The CPU used in this comparison is very powerful; more mainstream CPUs would show larger differences relative to GPUs.

We couldn’t find a big enough openly available dataset to measure performance gains on GPUs, because we wanted to have a dataset with huge numbers of objects to show how the speedup changes when the dataset grows. So, we’ve used an internal Yandex dataset with approximately 800 ordered features and different sample counts. You can see the results of this benchmark in figure 9.

GPU speedup chart — Figure 9. Relative speed-ups of GPUs compared to dual-socket Intel Xeon E5-2660v4 server.

Even a powerful CPU can’t beat a Kepler K40 on large datasets. Volta demonstrates an even more impressive gain, almost 40 times faster than the CPU, without any Volta-specific optimizations.

For multi-classification mode, we see even greater performance gains. Some of our internal datasets which include 200 features, 4659476 objects and 80 classes train on a Titan V 90 to 100 times faster than the CPU.

The main takeaway from this chart: the more data you have, the bigger the speedup. It makes sense to use GPU starting from some tens of thousands of objects. The best results from GPU are observed with big datasets containing several million examples.

Distributed learning

CatBoost can be efficiently trained on several GPUs in one machine. However, some of our datasets at Yandex are too big to fit into 8 GPUs, which is the maximum number of GPUs per server.

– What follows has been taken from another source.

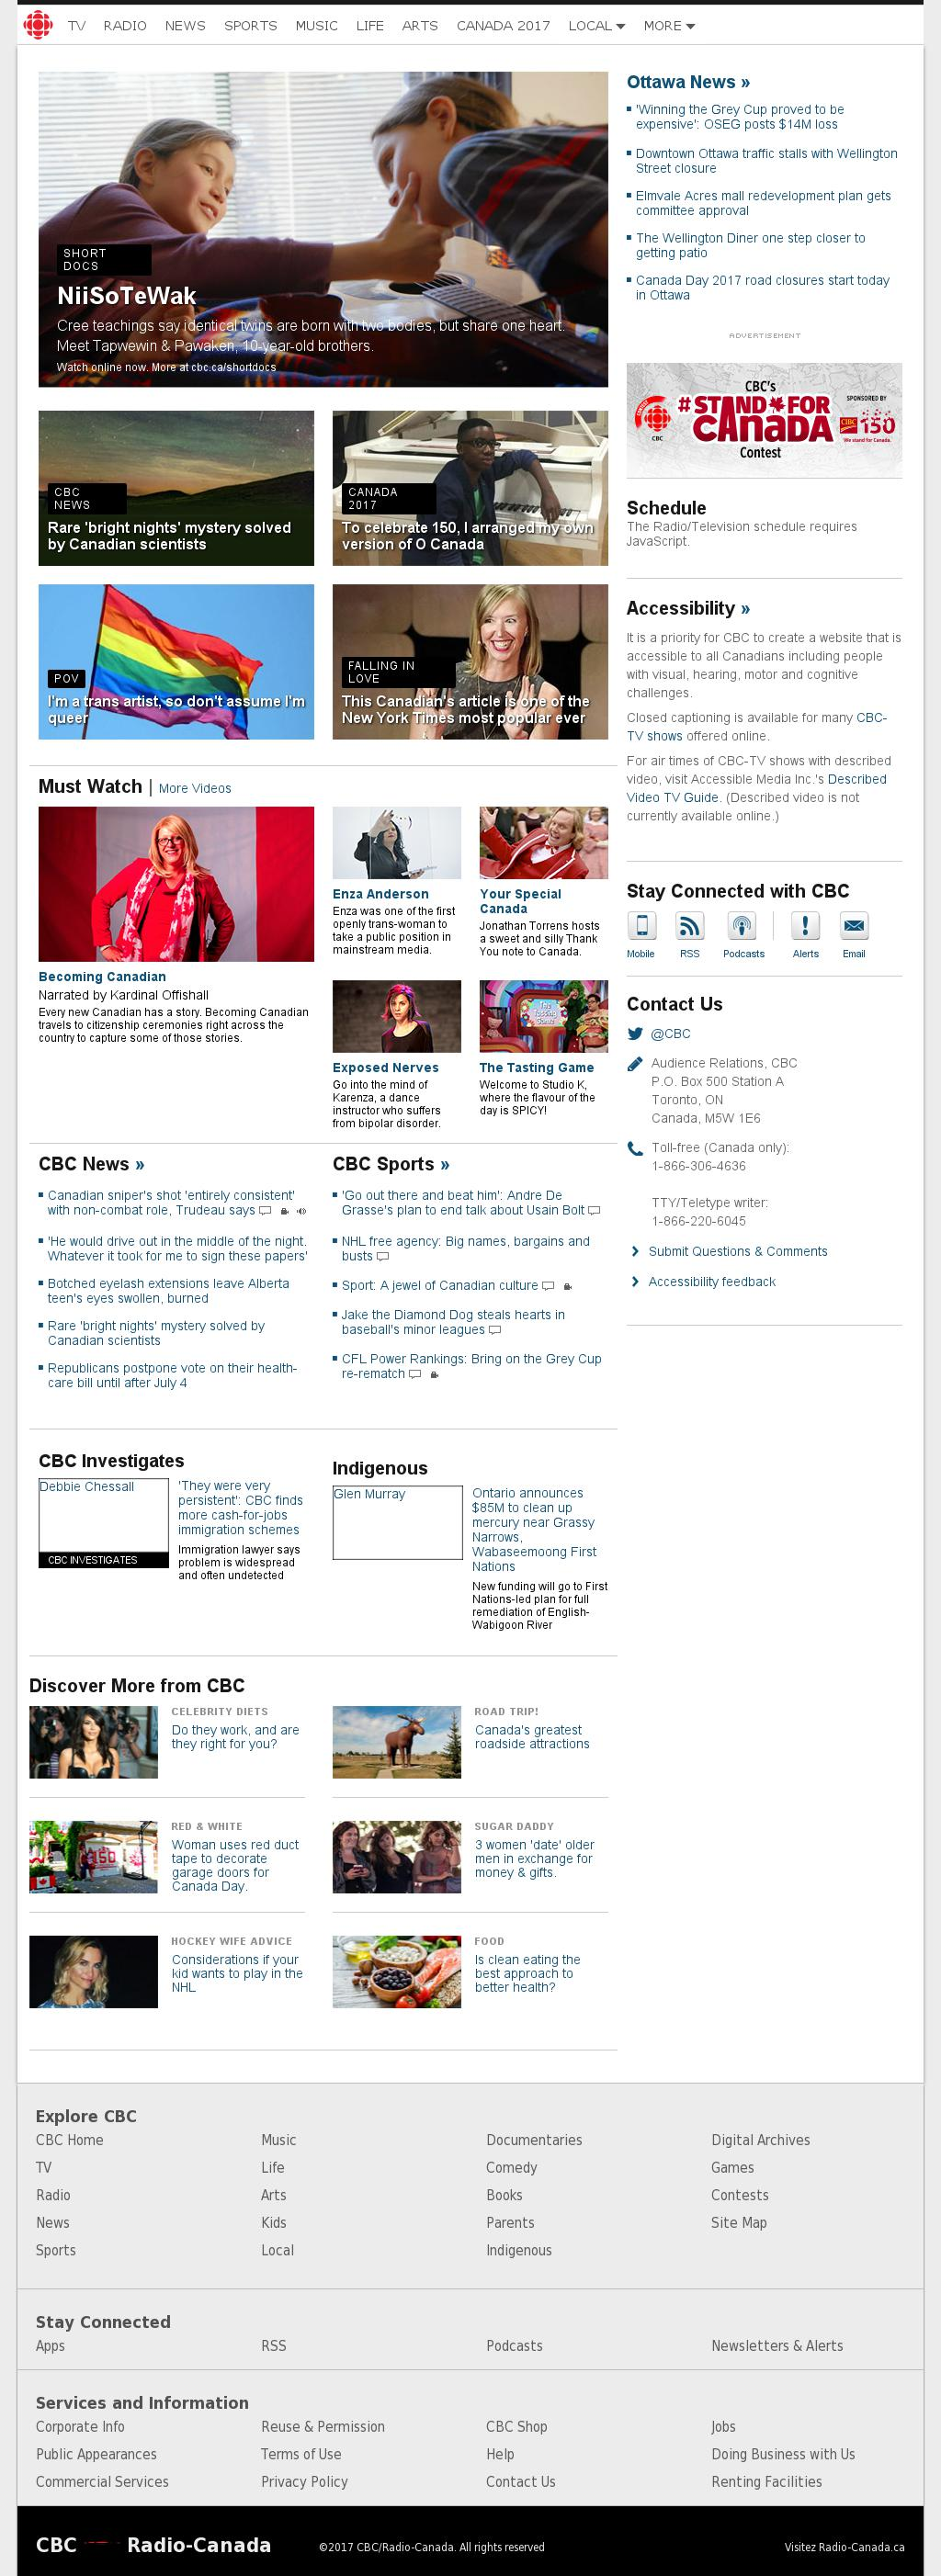 CBC at Wednesday June 28, 2017, 12:02 a.m. UTC

NVIDIA announced servers with 16 GPUs with 32GB of memory on each GPU at the 2018 GTC, but dataset sizes become bigger each year, so even 16 GPUs may not be enough. This prompted us to implement the first open source boosting library with computation on distributed GPUs, enabling CatBoost to use multiple hosts for accelerated learning.

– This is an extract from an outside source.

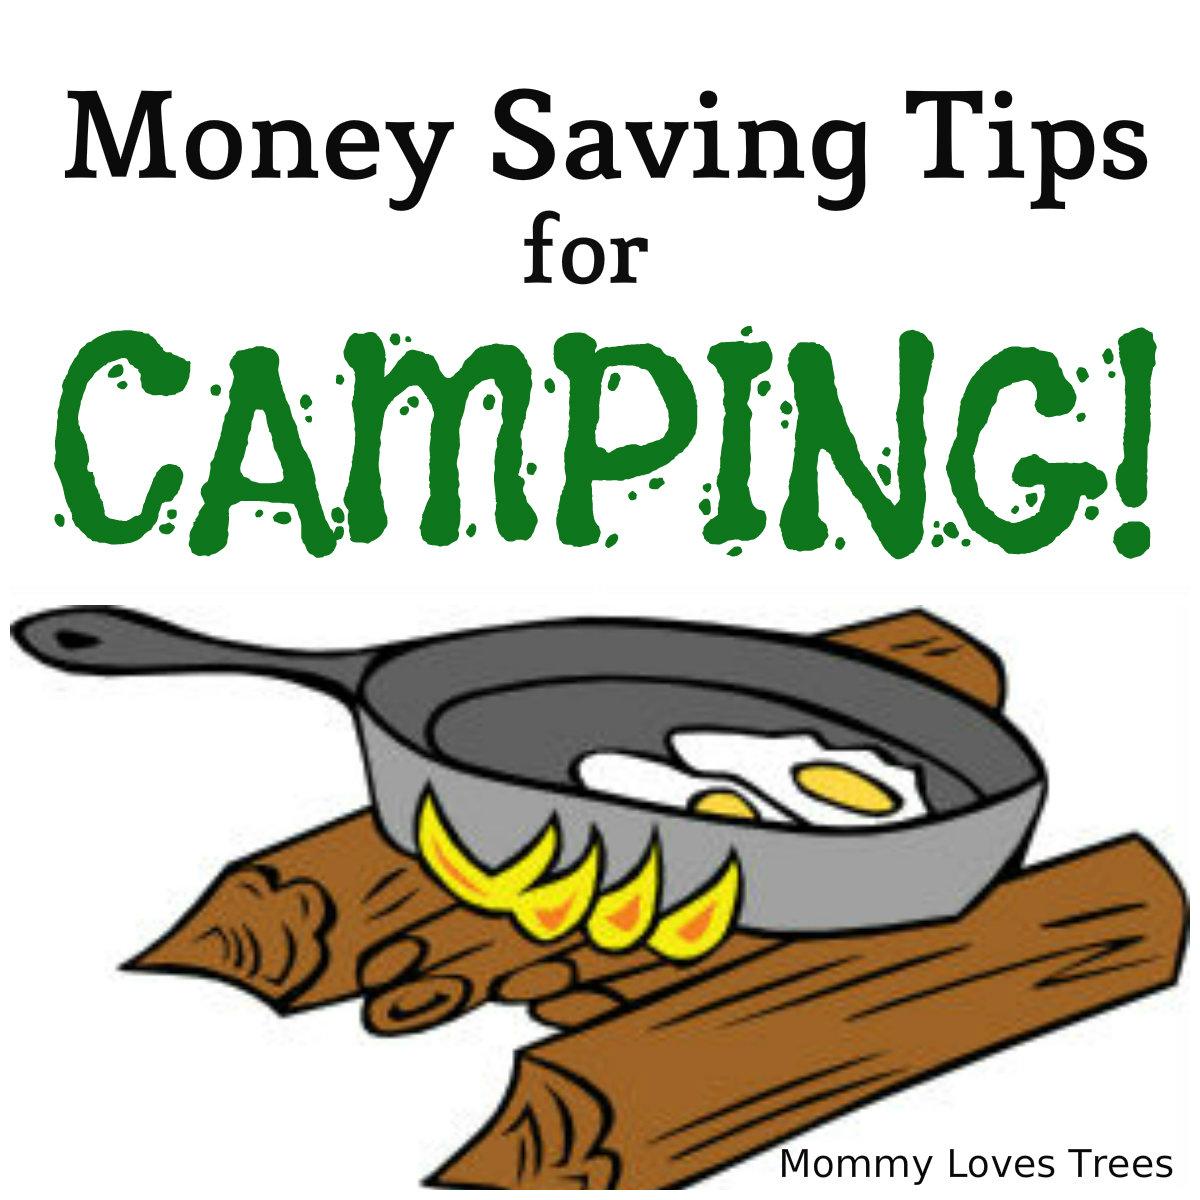 Money saving tips for car camping.

Computations scale well over multiple nodes. The chart below shows the training time for the first 200 iteration of some Yandex production formulas in different setups: one machine with onboard GPUs, connected with PCIe, two machines, with 2,4 or 8 GPUs per machine, connected via 1GbE, and two systems with 2,4, or 8 GPUs, connected with Mellanox InfiniBand 56Gb.

CatBoost achieves good scalability as shown in the chart in figure 10. On 16 GPUs with InfiniBand, CatBoost runs approximately 3.75 faster than on 4 GPUs. The scalability should be even better with larger datasets. If there is enough data, we can train models on slow 1GbE networks, as two machines with two cards per machine are not significantly slower than 4 GPUs on one PCIe root complex.

Multi-GPU scalability chart — Figure 10. CatBoost scalability for multi-GPU learning with different GPU interconnections (PCI, 1GbE, Mellanox InfiniBand)

Conclusion

In this post we have described the CatBoost algorithm and basic ideas we’ve used to build its GPU version. Our GPU library is highly efficient and we hope that it will provide great benefits for our users. It is very easy to start using GPU training with CatBoost and you can train models using Python, R or, command line binary, which you can review in our documentation. Give it a try!